How hard is the Silverton Alpine Marathon & 50K?

It is hard in a way the elevation-gain number does not fully tell you, because the whole thing happens at altitude. The 50K covers about 32 miles with roughly 4,100 feet of climbing, but the course never drops below 9,318 feet and it tops out at 12,930 feet on California Pass, so the thin air is the real difficulty. The footing is mostly historic Alpine Loop jeep road rather than gnarly technical single-track, which sounds friendly until you are gasping at 12,000 feet. If you live near sea level, this race will humble you regardless of your flatland fitness.

How much climbing is in the Silverton Alpine Marathon & 50K?

The 50K has about 4,100 feet of total vertical gain and the marathon has about 3,800 feet, per the official course description. The signature climb takes you up the Alpine Loop toward the 12,930 foot high point on California Pass, and the 50K adds an out-and-back to Niagara Gulch before joining the marathon course. It is not the most vert you will ever see in an ultra, but every foot of it is earned in thin air.

How do I deal with the altitude at Silverton Alpine?

Treat altitude as the headline challenge, not a footnote. The start in Silverton sits at 9,318 feet and the high point is 12,930 feet, so if you live low you should arrive several days early to start adjusting, or come in the day before and race before the worst of it sets in, since the messy middle (roughly days two through four at altitude) is often when people feel the worst. Your pace at 12,000 feet will feel impossibly slow for the effort, and that is normal, so plan to hike the steep, high pitches without fighting it. Hydrate hard in the dry mountain air and do not expect your sea-level paces to mean anything up here.

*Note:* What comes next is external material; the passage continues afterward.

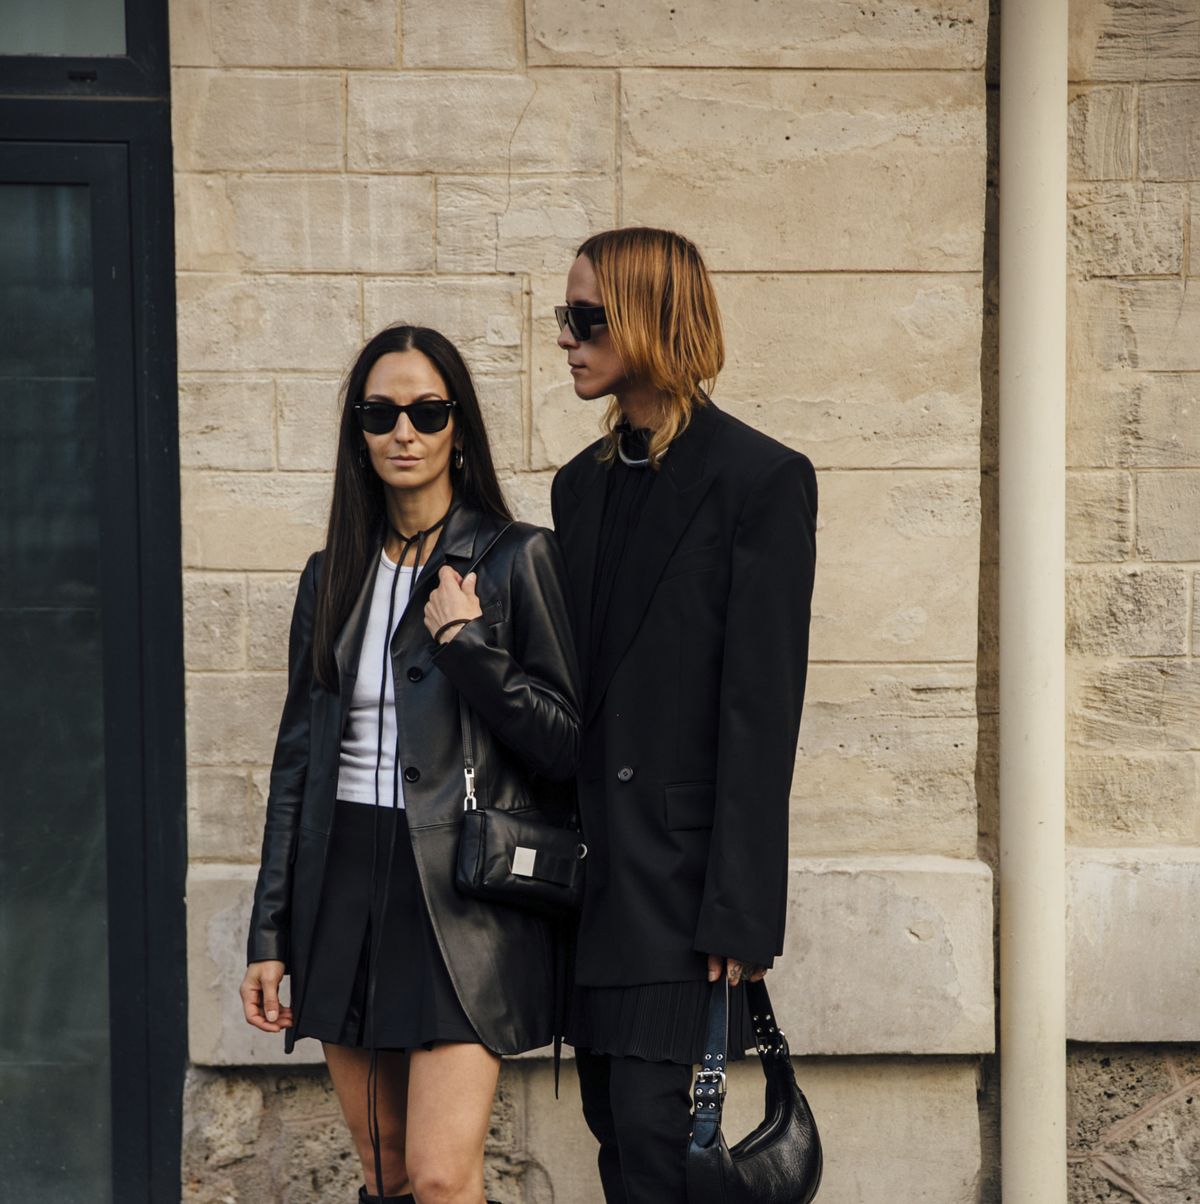 La nueva colección de Zara para volver al otoño con: looks parisinos

What are the cutoff times for the Silverton Alpine Marathon & 50K?

The race uses checkout cutoffs at California Pass and Gladstone, so you need to keep moving through the high country to stay in the event. The exact cutoff times shift year to year, so confirm the current numbers in the race-day details before you start. The 50K is the longest of the three distances and has the most generous overall window, but the high-point checkpoint is the one that bites people who go out too easy or stall in the thin air.

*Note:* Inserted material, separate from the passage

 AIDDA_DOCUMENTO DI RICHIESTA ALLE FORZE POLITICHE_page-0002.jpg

What is the terrain and weather like at Silverton Alpine?

The course follows the historic Alpine Loop, a network of old mining jeep roads that link ghost towns like Howardsville, Eureka, Animas Forks, and Gladstone, so the surface is mostly rugged dirt road rather than tight single-track. That makes it more runnable than a typical mountain ultra when your legs and lungs cooperate. Weather is the wild card: July in the San Juans means strong high-altitude sun in the morning and a real chance of afternoon thunderstorms, so you want to be over the high, exposed passes early and you should carry a layer for the cold and the wet.

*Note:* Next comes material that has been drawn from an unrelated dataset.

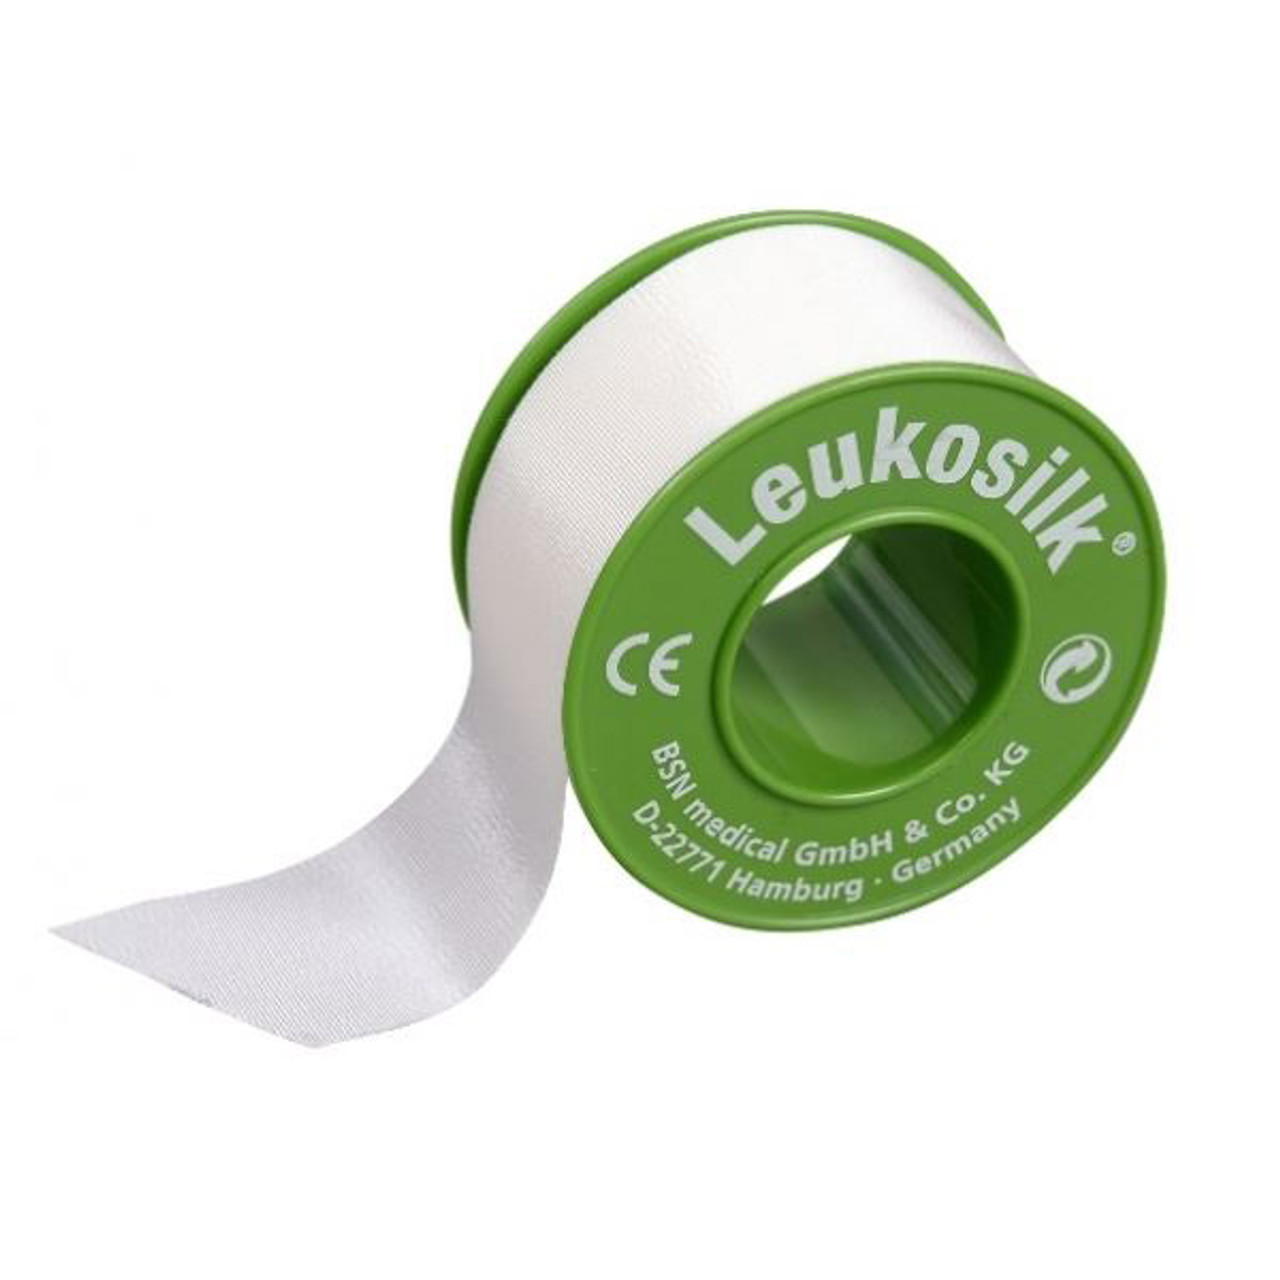 Leukosilk Tape 2.5cm x 5m

Is the Silverton Alpine Marathon & 50K a good first ultra?

It can be a stunning goal race, but it is not a gentle place to run your first 50K if you live at sea level. The non-technical jeep-road footing is forgiving, and that is the part that makes it approachable. The altitude is the part that is not, because 32 miles spent between 9,300 and 12,930 feet asks for either real time to acclimate or a smart, patient, hike-the-climbs plan. If you respect the thin air, pace by effort, and arrive early to adjust, a prepared first-timer can absolutely finish and have the day of their life up there.

This guide is independent and for planning only. The course details, dates, start times, cutoffs, and aid stations come from public sources and can change year to year, so confirm the current specifics with the official race before you register or run. The fueling and pacing advice is general and not medical advice.